Director, Global Research & Design

SUMMARY

Can investment results be attributed to skill or luck?  Genuine skill is likely to persist, while luck is random and fleeting.  Thus, one measure of skill is the consistency of a fund’s performance relative to its peers.  The Persistence Scorecard measures that consistency and shows that, regardless of asset class or style focus, active management outperformance is typically short-lived, with few funds consistently outranking their peers.

Compared to previous years, active fund persistence somewhat improved in 2020.  For example, 64.5% of domestic equity funds in the top half of the distribution for 2018 continued in the top half in 2019, and 55.0% repeated that feat in 2020.  At first glance, this lends some credence to the idea of persistent outperformance (see Report 1).

However, rewind the clock two years, and of the top-half funds of 2016, 21.4% repeated that accomplishment in 2017, with just 4.8% ranking in the top half each year through 2020.  This rate is lower than what random chance would predict (see Exhibit 1 and Report 2).

U.S. Persistence Scorecard Year-End 2020 - Exhibit 1

This difference in persistence over three- and five-year windows was also visible in top-quartile funds.  Of the top-quartile domestic equity funds in 2018, 33.7% managed to stay in the top quartile annually through 2020.  In fact, in every equity category, more than 25% of 2018’s top-quartile funds stayed in the top quartile annually through 2020.  Looking at 2016’s top-quartile funds paints a different picture: even in the best-performing category, mid-cap funds, only 1.5% of funds managed to stay in the top quartile annually through 2020 (see Reports 1 and 2).

Some statistically minded readers might note that these numbers are better than what would be expected if fund performance was randomly distributed.  For example, the odds that a fund could remain in the top quartile for four consecutive years might be calculated as (25%)4 = 0.39%, and the 1.5% referenced above is substantially better than that.  While the persistence report does not prove that fund performance is completely random, from a practical or decision-making perspective, it reinforces the notion that choosing between active funds on the basis of previous outperformance is a misguided strategy.  After all, there remains a 98.5% chance that a top-quartile fund will not stay in the top quartile for the next four years. 
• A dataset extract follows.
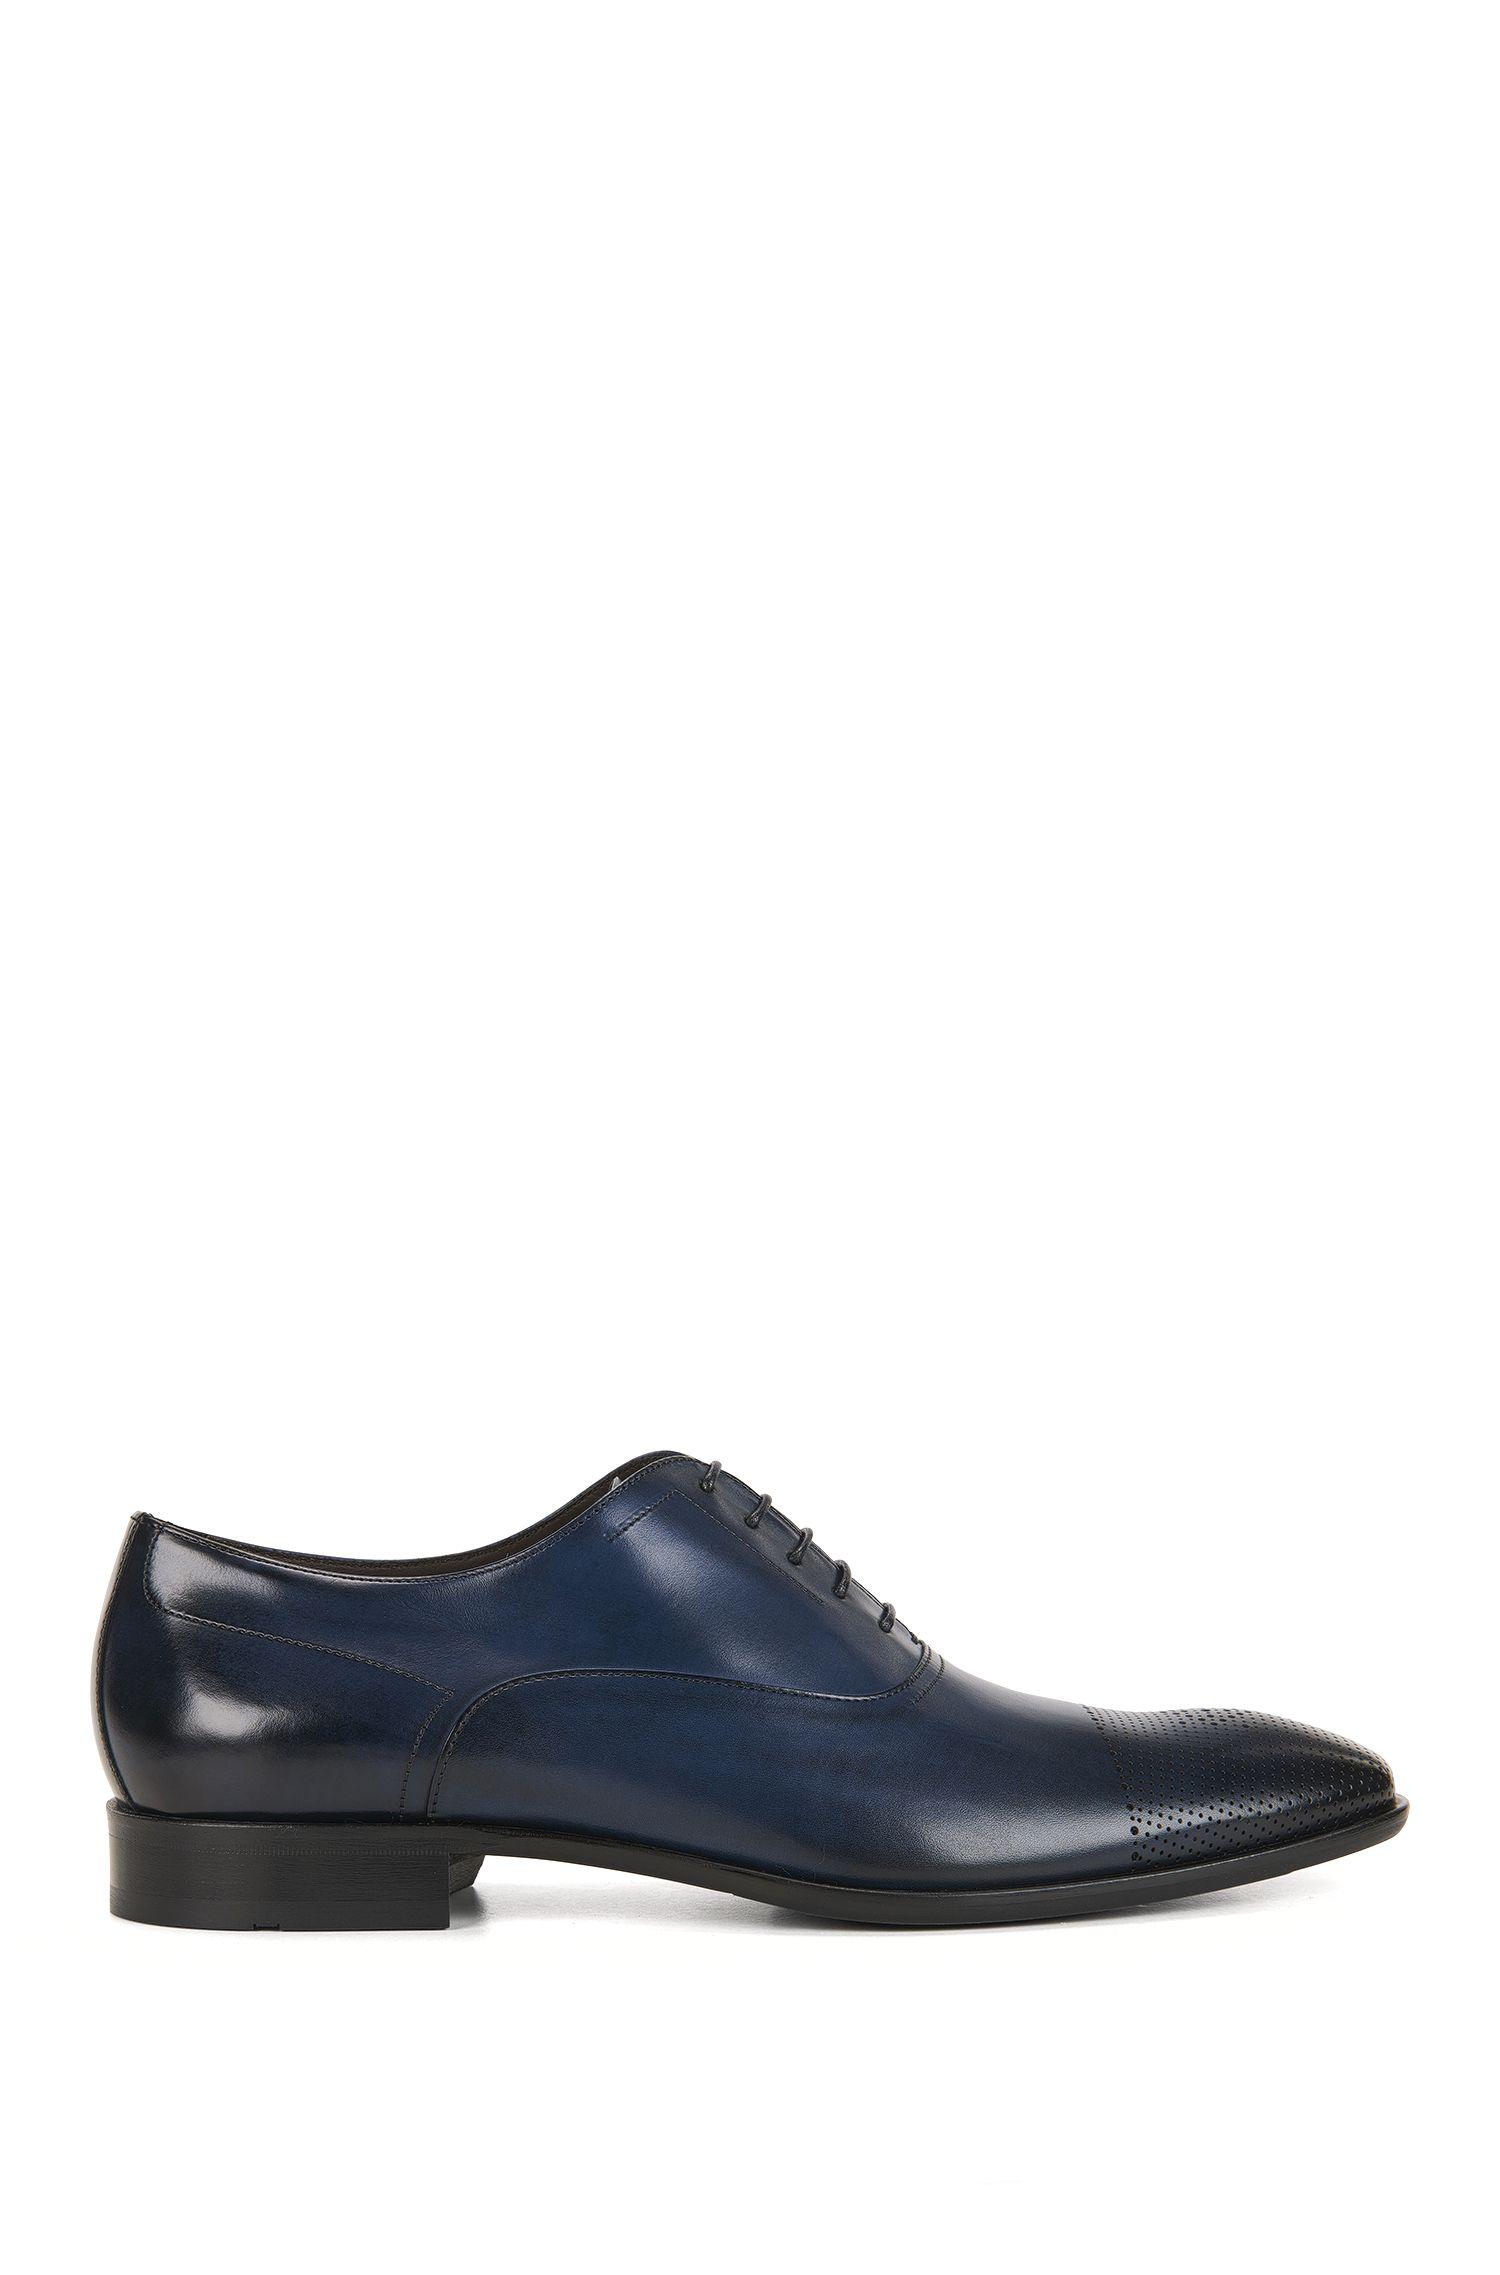 Zapatos Oxford de piel con puntera cortada a láser

Lengthening the horizon to consider performance over two consecutive five-year periods, the top-half domestic equity funds in the 2011-2015 period had little luck maintaining their top-half status for the 2016-2020 period.  In fact, the chances of a top-half fund changing style or liquidating (39.8%) nearly matched the odds of remaining in the top half (41.0%) (see Report 6).
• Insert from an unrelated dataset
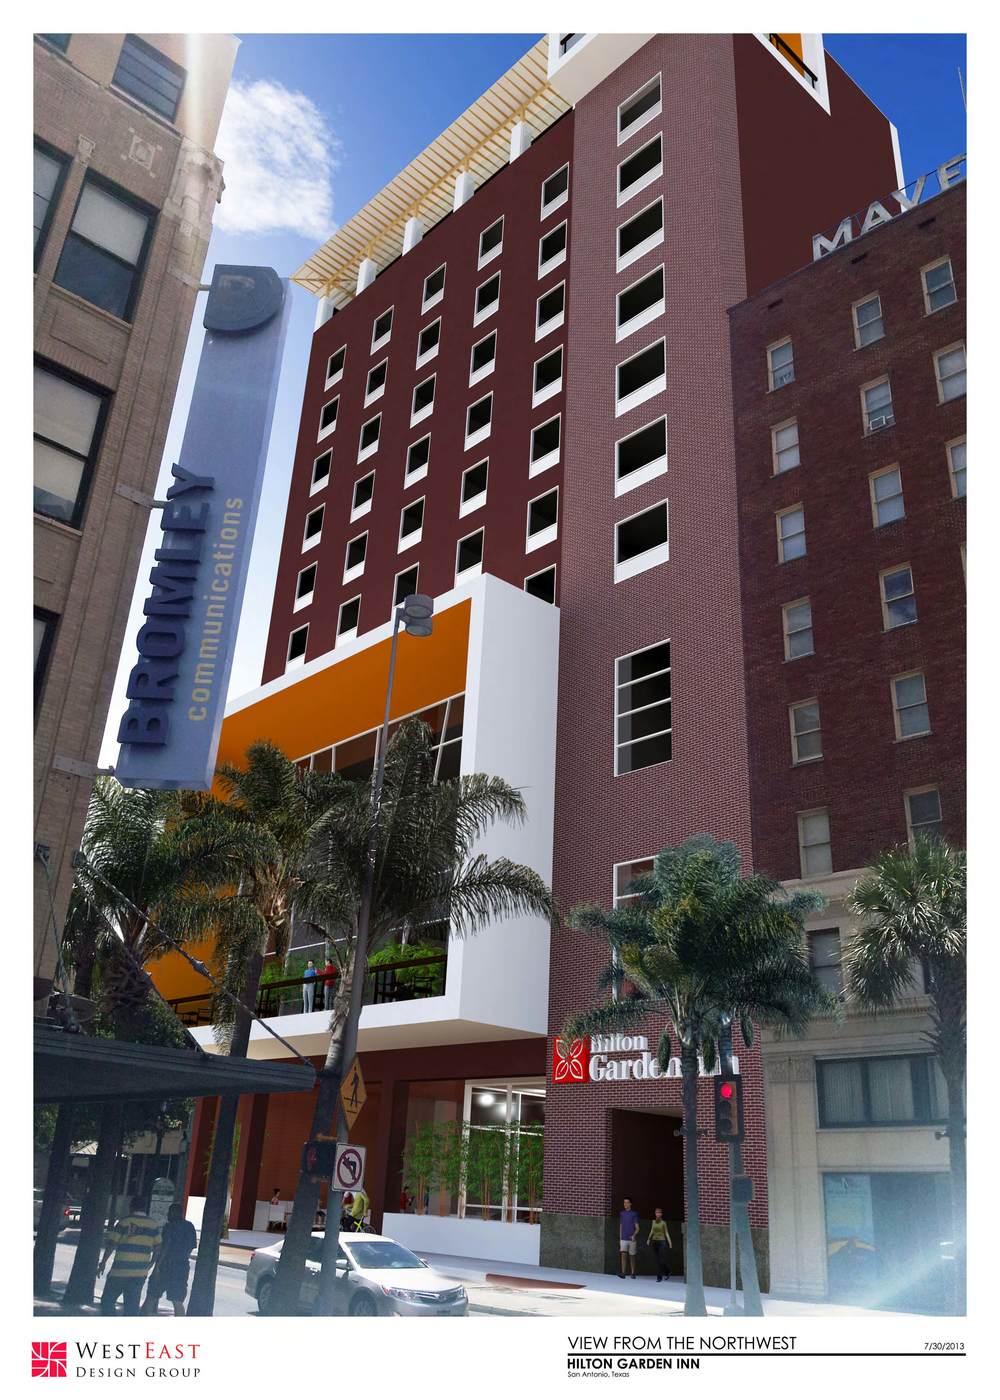 Hilton Garden Inn - Color Imagery - 2013-07-31_Page_04.jpg

Unsurprisingly, the one pattern that did hold across equity funds was the tendency of the poorest funds to close.  Fourth-quartile funds were the most likely to merge or liquidate over the subsequent three- and five-year windows, with 40.6% of the bottom-quartile mid-cap funds from the 2011-2015 period disappearing by 2020.  In fact, closing their doors was the most likely outcome in four out of five equity categories for fourth-quartile funds in that period (see Report 5).